B. Automated Containment in AWS
Trigger a Lambda or EventBridge rule when the detection engine raises a critical alert:
aws events put-rule --name "PromptInjectionCritical" \
--event-pattern '{"detail-type": ["prompt_injection_detected"], "detail": {"severity": ["critical"]}}'
This can auto-trigger:
- Lambda function to isolate the model.
- SNS alert to notify SecOps via Slack or PagerDuty.
- Ticket creation in ServiceNow using AWS Chatbot integration.
6. Eradication and Recovery
Once containment is achieved:
- Audit the vector stores or memory context. If poisoned content is found, purge or retrain the model.
- Patch input sanitization logic to prevent recurrence.
- Retrain fine-tuned models if internal data was exposed during the attack.
- Review IAM roles and S3 bucket policies associated with model artifacts.
7. Post-Incident Activities
A. Root Cause Analysis
Identify:
- Which model endpoint was used.
- Whether injection was direct or indirect.

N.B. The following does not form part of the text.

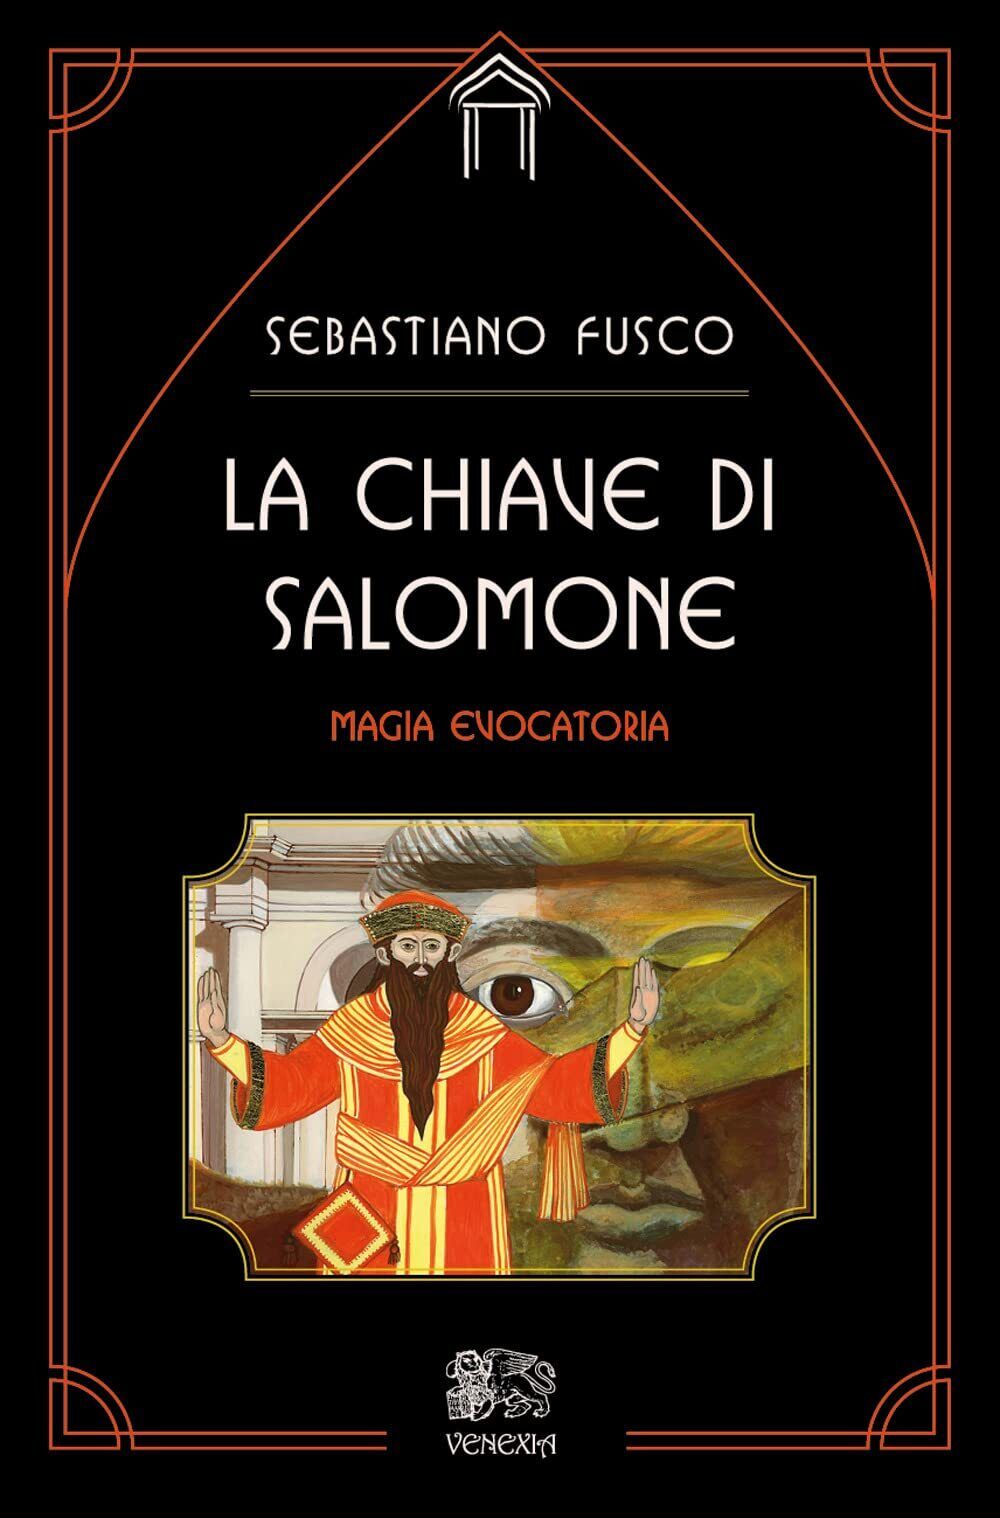 La chiave di Salomone: la magia evocatoria - Sebastiano Fusco - Venexia, 2022
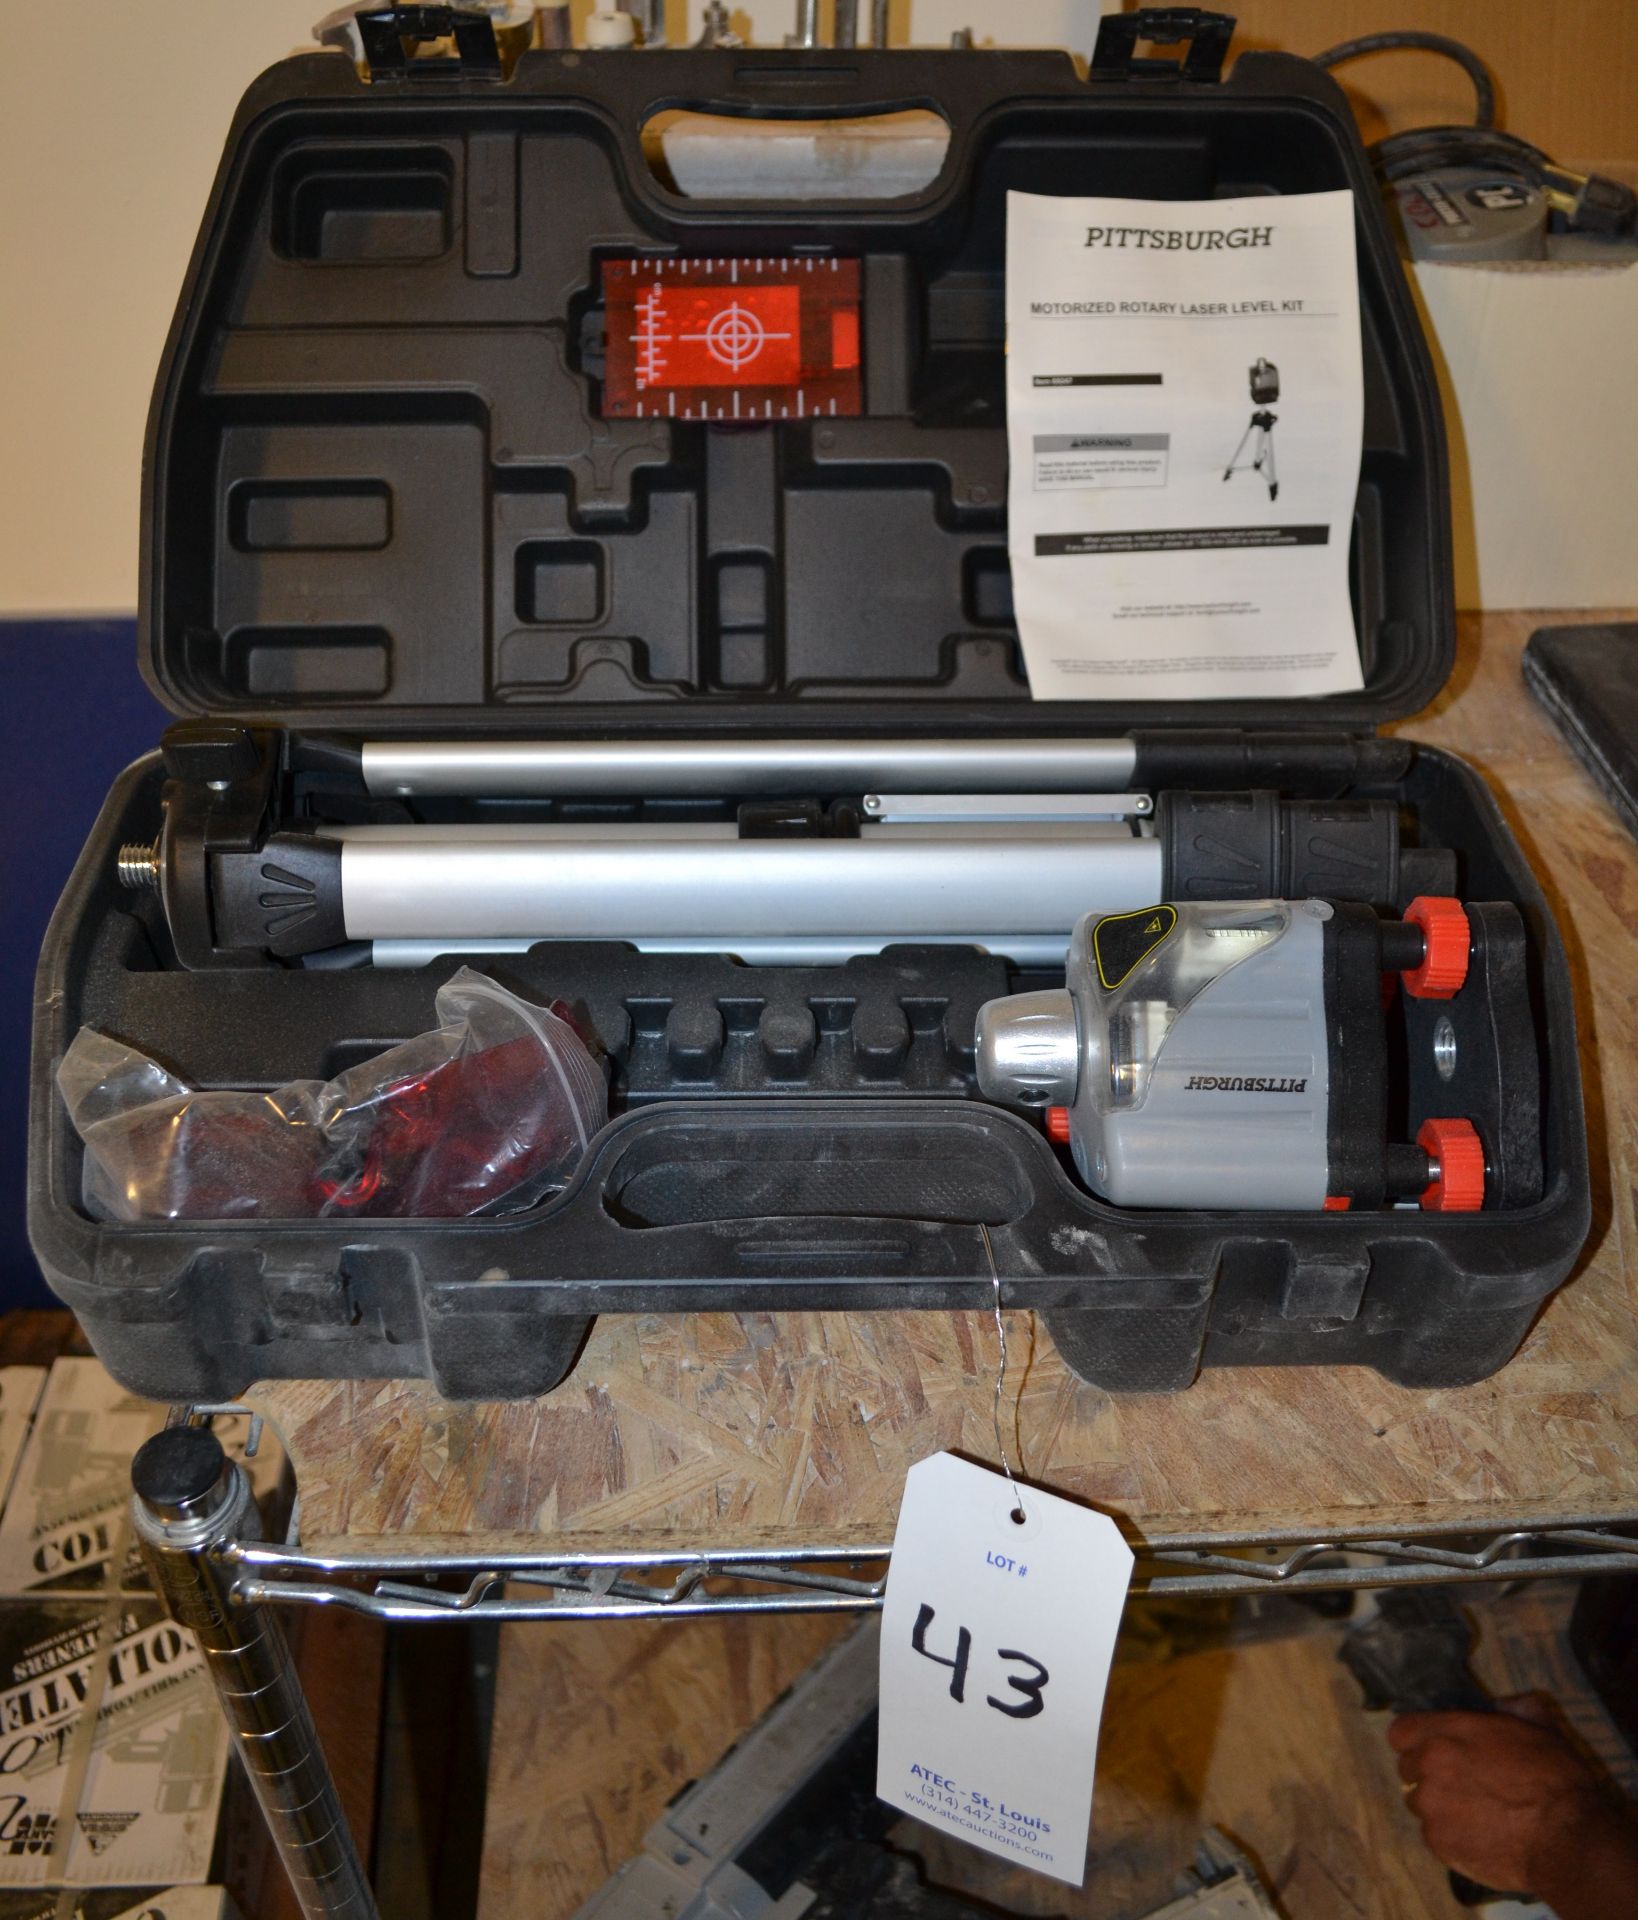 Pittsburgh Model 69247 Motorized Rotary Laser Level Kit

- How system prompts were exposed (memory, API chain, or context window).
B. Lessons Learned
Feed this back into:
- Model guardrail tuning.
- Prompt engineering best practices.
- Policy filters in future LLM deployments.
C. Threat Intelligence Integration
Correlate with MITRE ATLAS or CAPEC-600 series (Adversarial ML) frameworks to track known prompt manipulation TTPs.
8. Continuous Improvement Loop
To ensure resilience:
- Conduct prompt injection tabletop exercises quarterly.
- Update detection rules with new attack phrases observed in the wild.
- Feed sanitized incidents into a fine-tuning dataset so the model learns to reject similar future prompts.
- Integrate AI risk monitoring dashboards in Security Hub / Grafana / Kibana.
9. Example Automation Pipeline (AWS)
[User Prompt]
↓
[Input Sanitizer Lambda]
↓
[LLM Endpoint (Bedrock/SageMaker)]
↓
[Output Policy Validator]
↓
[Logging + CloudWatch Metrics]
↓
[EventBridge Rule: Injection Detected]
↓
[Lambda: Isolate + Notify SOC]
↓
[Security Hub Aggregation + GuardDuty Alerts]
This end-to-end pipeline ensures that prompt injections are detected, blocked, and logged in real time — with automated containment and visibility into your centralized SOC.
Conclusion
Prompt injection incidents demand the same rigor as any major cybersecurity event.They bridge the gap between AppSec, DataSec, and AI ethics, requiring a cross-disciplinary response approach.
By integrating AI telemetry, AWS-native automation, and human-in-the-loop triage, enterprises can build AI systems that are not only intelligent but resilient and trustworthy.